SOURCE DATA
+ + + +

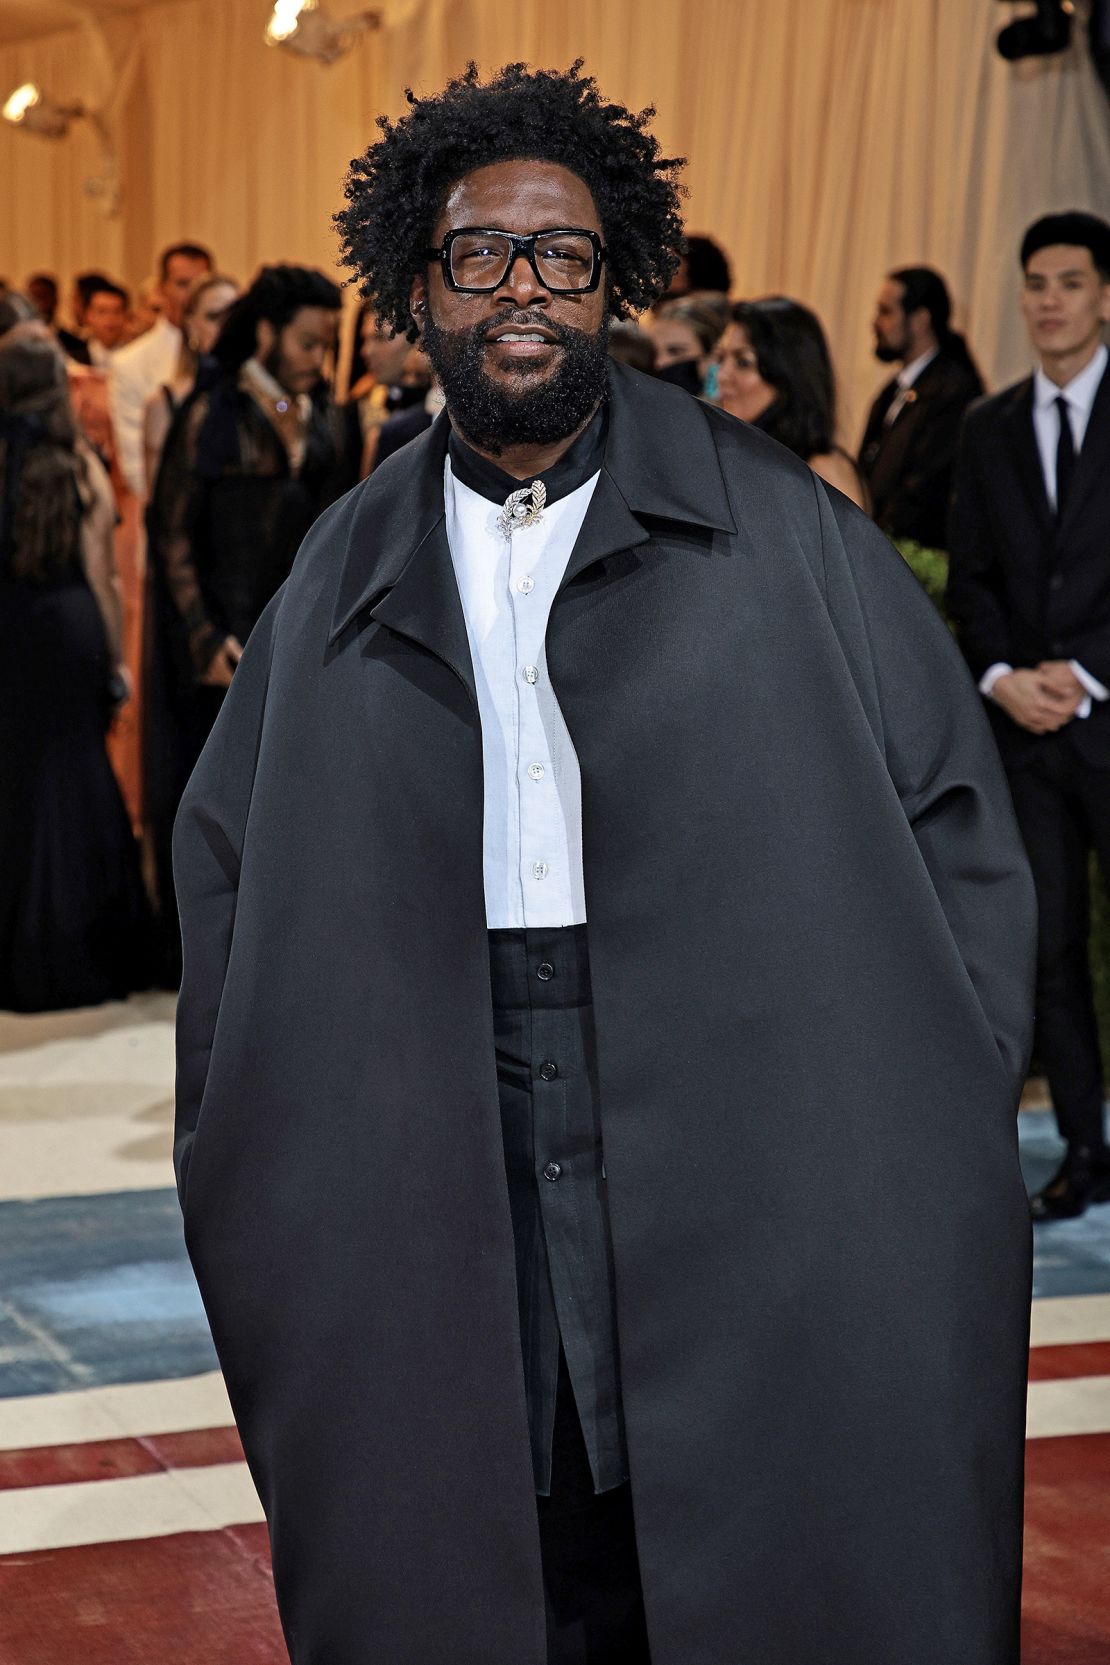 Questlove's coat was designed with the help of Black women quilters from Gee's Bend, Alabama.
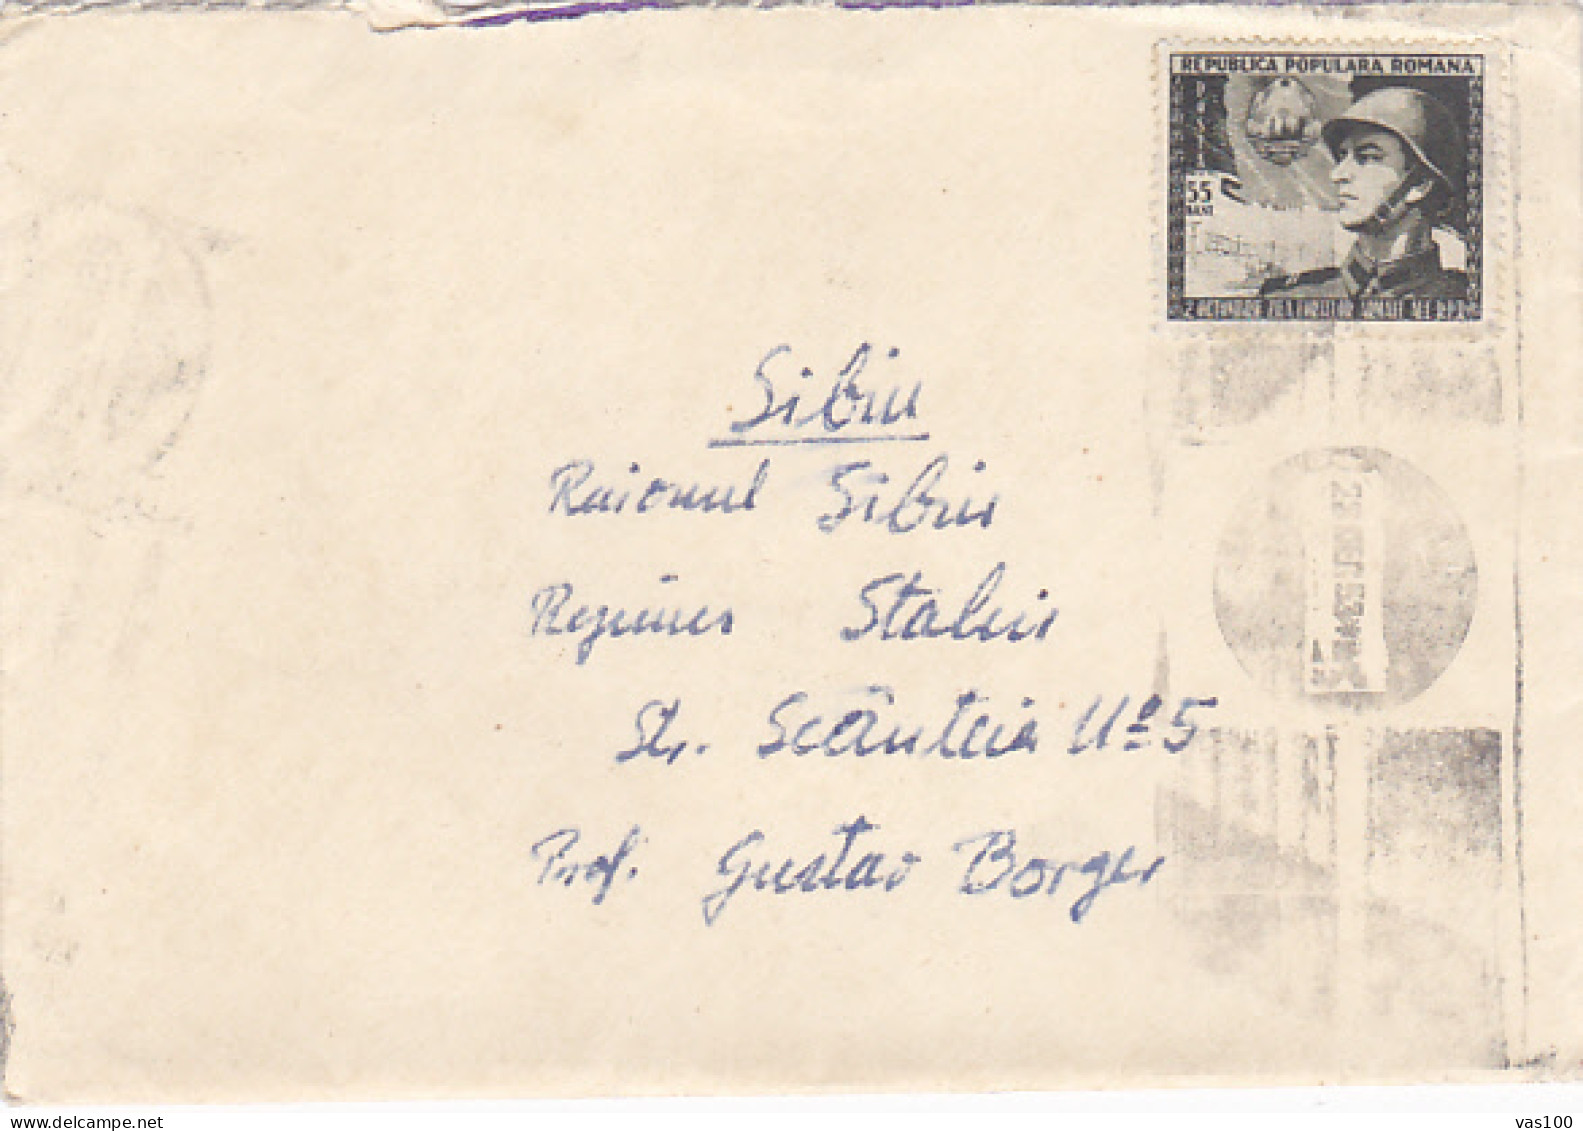 ARMY DAY, SOLDIER, STAMP ON COVER, 1953, ROMANIA - Cartas & Documentos
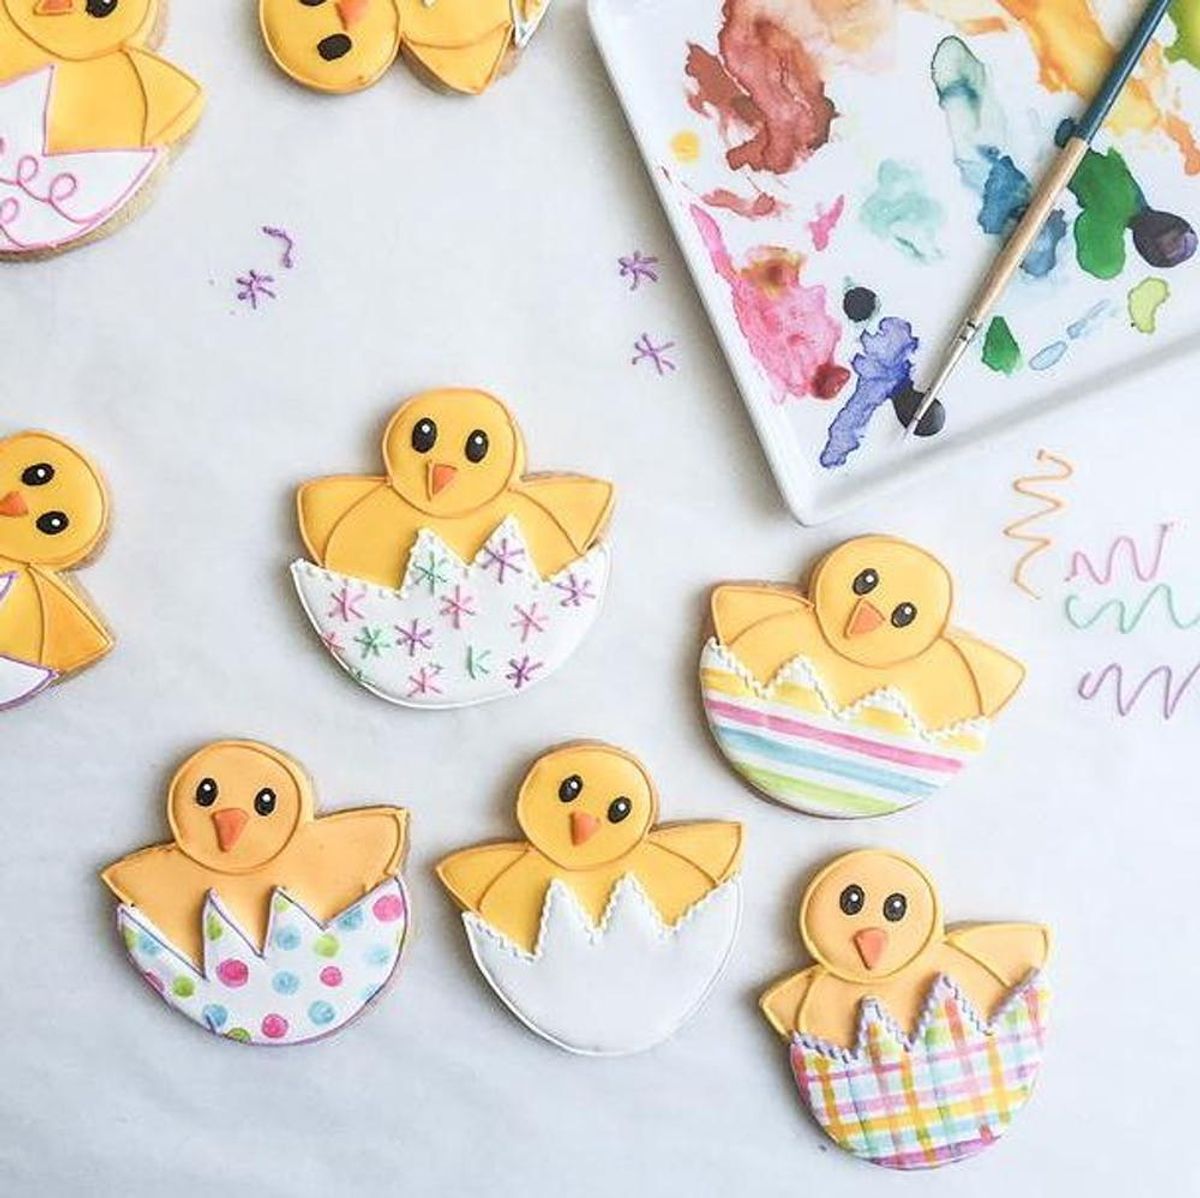 Here’s the Easiest Way to Learn Some Pro Cookie Decorating Skills
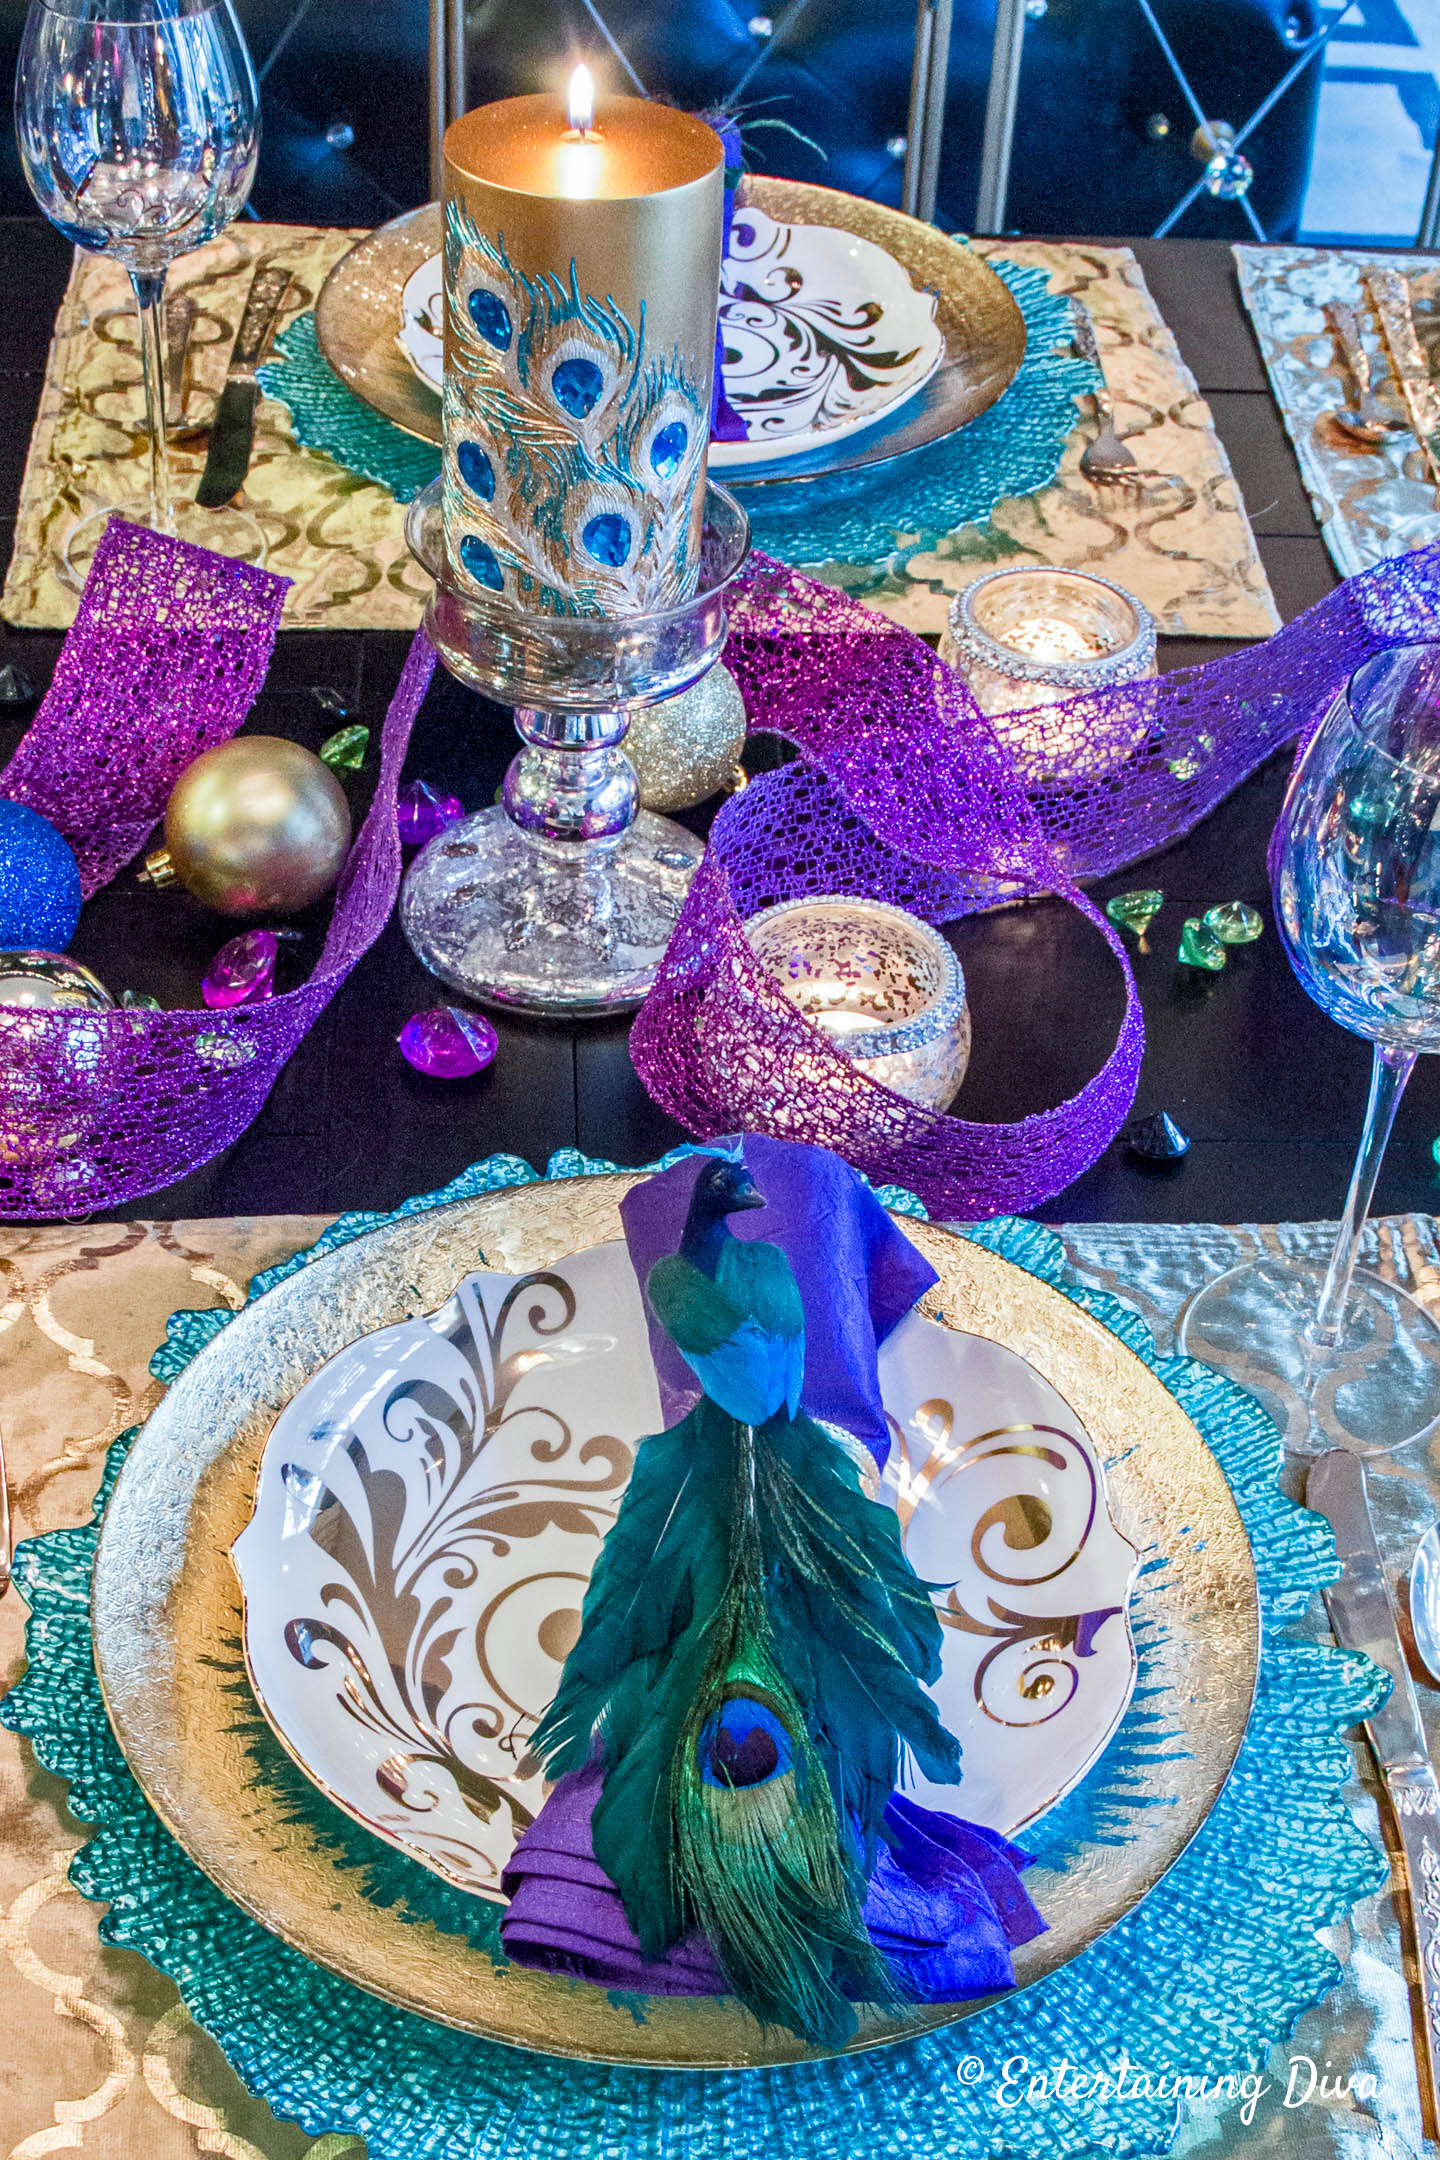 Peacock place setting and centerpiece on a Mardi Gras table setting

+ + + +

THE PROBLEM
Lines from the one with "Here’s the Easiest" through the final line of the listing above: copy them exactly, both ends included, and omit every picture.

REPLY
 Here’s the Easiest Way to Learn Some Pro Cookie Decorating Skills
 Peacock place setting and centerpiece on a Mardi Gras table setting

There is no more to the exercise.